In this weekend’s newsletter, I gave a brief overview of the state of certain compact and mid-sized cars in different price ranges. I was actually quite impressed by the lot as far as comfort and drivability were concerned, certainly compared to the little cars I drove long, long ago. The lone sore spot, and you can take it literally, were the hugely uncomfortable seats on a 2012 Ford Fiesta, their fancy subcompact, which is based on a splashy European design. Now maybe I’m the exception, but I adjusted those seats every which way and couldn’t find the magic bullet to ease the back pain. And, in case you’re wondering, I’m not overweight. I weigh just about what I did at age 18.
Now in passing, I should mention that the salesperson didn’t seem to care. I suggested looking at a more expensive model, and he delivered a low-register grumble. So I told him to stick it and left. If anyone cares, the dealer is Power Ford in North Scottsdale, AZ. Treating potential customers that way means they don’t deserve your business, though I’m willing to accept the fact that it was just one bad apple; perhaps the rest of the sales team would be more accommodating, particularly when someone was actually considering the more expensive product.
But Ford’s biggest problem is not a subcompact with seats that may not appeal to some drivers. As I said in my earlier commentary, the MyTouch system, using technology licensed from Microsoft, is a bitter pill for some customers to swallow. It’s meant a serious drop in the J.D. Powers new car owner surveys, where users report problems with the voice activation system, touchscreens and the user interface.
But Ford isn’t alone in having a pathetic OS for their onscreen interfaces. While user friendliness varies, I’ve yet to see anything I’d classify as good, even Honda. Yes, the Accord has decent screens with crisp type for their navigation system, and the buttons are large, easily reached, and clearly labeled. But the interface needs serious work. Consider the Bluetooth “hands free” system, which mates with your mobile phone. In my brief tests, voice recognition was perfect, the caller at the other hand of the line could understand me (for once), but each and every time you enter a command, you have to press a button on the steering wheel.
So consider: You want to call a stored number, say your home, so you’d say, for example, “Call House.” You wait for the onboard system to respond by repeating the name of the party you’re calling, and it takes a few seconds for the recognition software to function. Now you have to press the button a second time to say, “Yes,” in response to whether you want to actually place that call.
This lame setup reminds me of the old fashioned CB radios, where you pushed to talk, and released to listen. Other hands free systems seem able to stay active through an entire set of commands. And, though it’s trivial, every time you have to press a button, that presents one potential minor distraction from safe driving.
Now it’s quite true that most companies have problems dealing with voice, button, and touchscreen control systems. There are many “interfaces from hell” with which to contend, yet it doesn’t seem as if the auto makers are going to the proper source to offer customers a healthy dose of user friendliness and an elegant interface.

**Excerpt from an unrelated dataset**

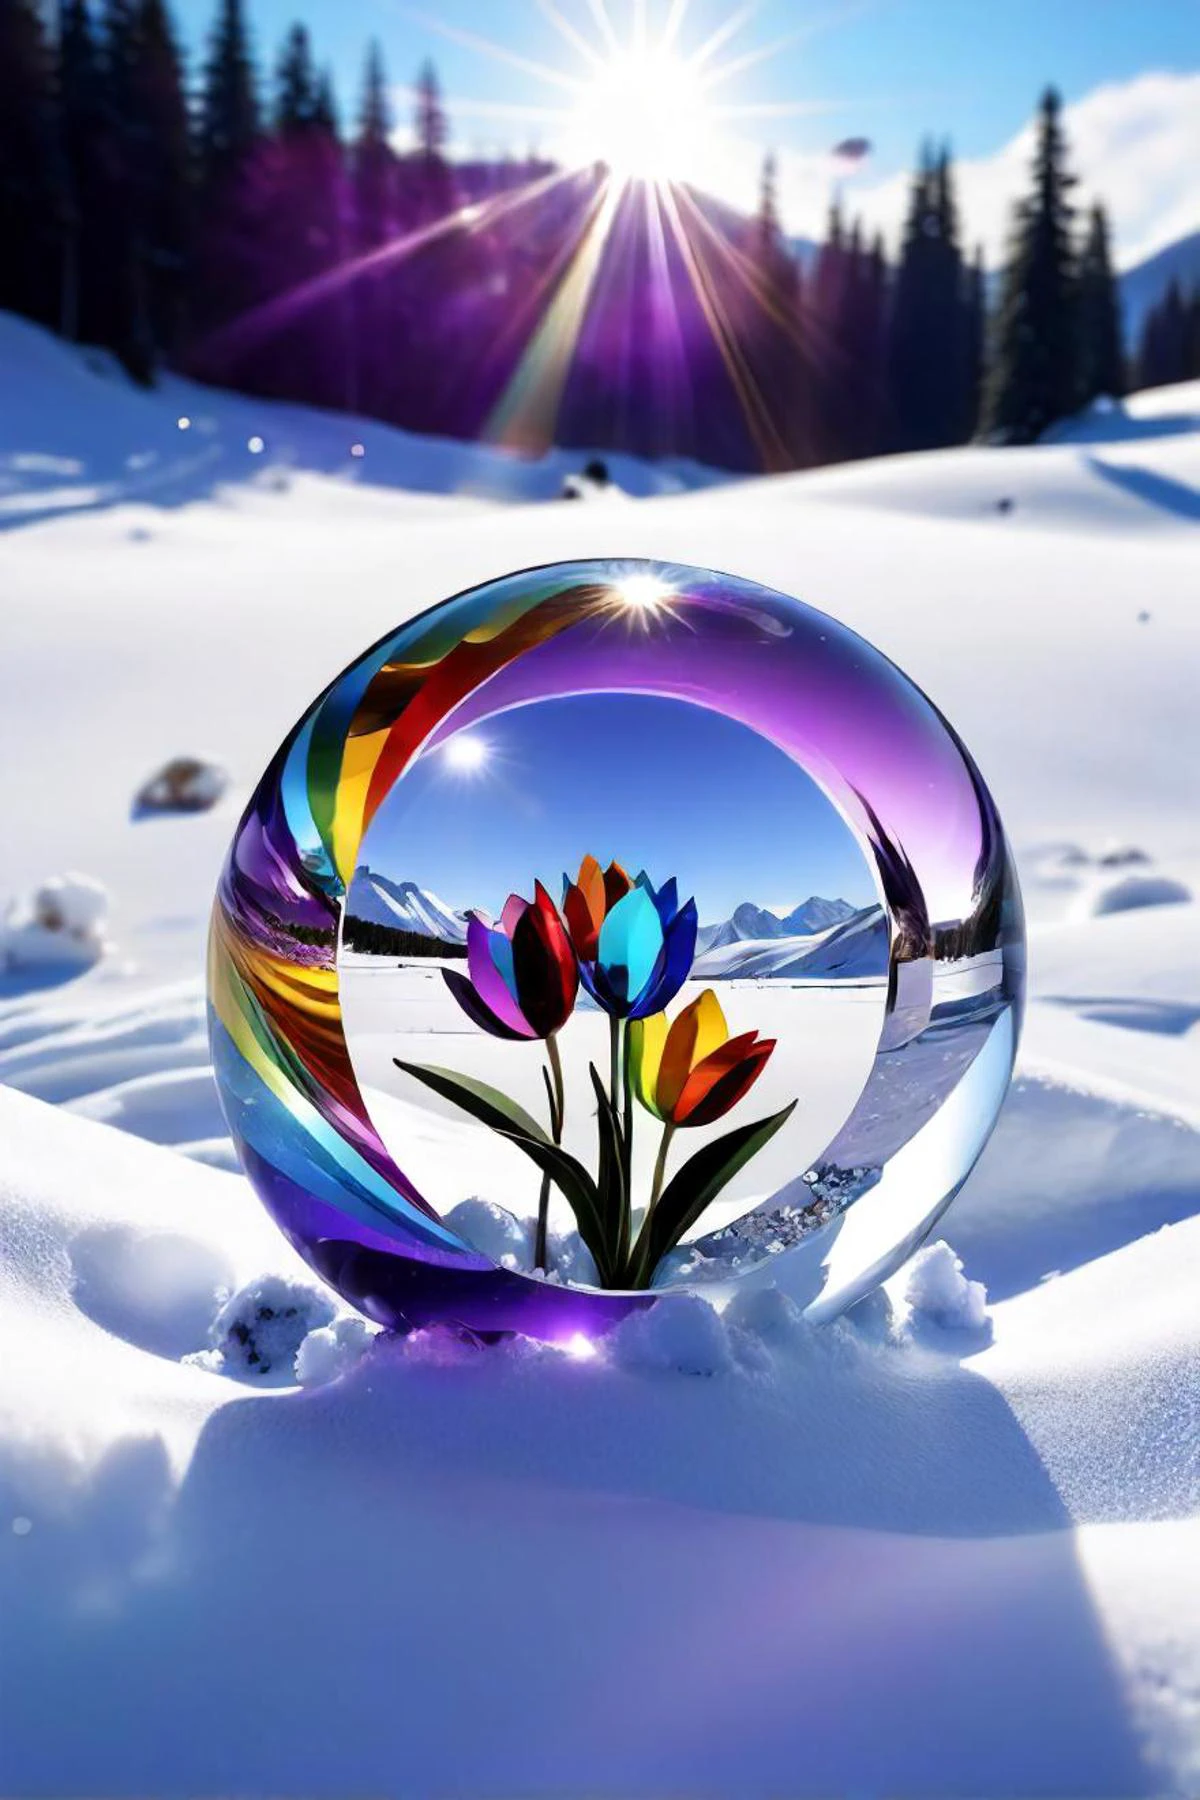 雪中的紫色 croct 与背景中的彩虹, igor zenin 的光线追踪图像, pixabay 比赛获胜者, 水晶立体主义, 美丽的花朵和水晶, 玻璃花, 色彩斑斓的玻璃艺术

Some years ago, there was a story that Apple was going to team with VW to build the next great auto interface. But it never happened. VW these days is on a massive cost-cutting trip to better compete on price; they were finding that premium prices proved a hard sell, even if the cars had beautiful interiors, interiors that were somewhat reminiscent of the ones in an Audi, VW’s premium brand. This cheapening process may sell more cars, but the VW “magic” is playing second fiddle. I don’t see them working with Apple to make things better.
On the other hand, what if Apple devised a car-based interface and OS that they could market to the various car companies without prejudice? They’d simply pay the license fee, and agree to install these systems on the right hardware, without making changes. It would ensure consistency, since it would mean that one car would have the same interface and control buttons as another. But it wouldn’t stop an auto maker from supporting certain features in some models, but not in others, unless you buy an optional package of some sort.
Would Apple consider such a move?
Well, you just know Apple isn’t going to build cars, even though they have a stock market capitalization that’s way higher than any single car maker, and they have more than enough cash to buy a real auto company if that’s what they wanted to do.
However, licensing an Apple OS for motor vehicles would mean that tens of millions of potential Mac and iOS customers would be exposed to the brand. That would create a halo effect of massive proportions. And, yes, I know that some new cars come equipped with manuals stored on new iPads.
Of course, all this depends not just on Apple deciding to build a car (and truck) OS and a set of appropriate apps, but on the auto makers willing to license the technology. Since Ford has already teamed with Microsoft to get their software, as imperfect as it might be, the precedent has been set. Whether Apple is interested is, of course, highly uncertain now or ever.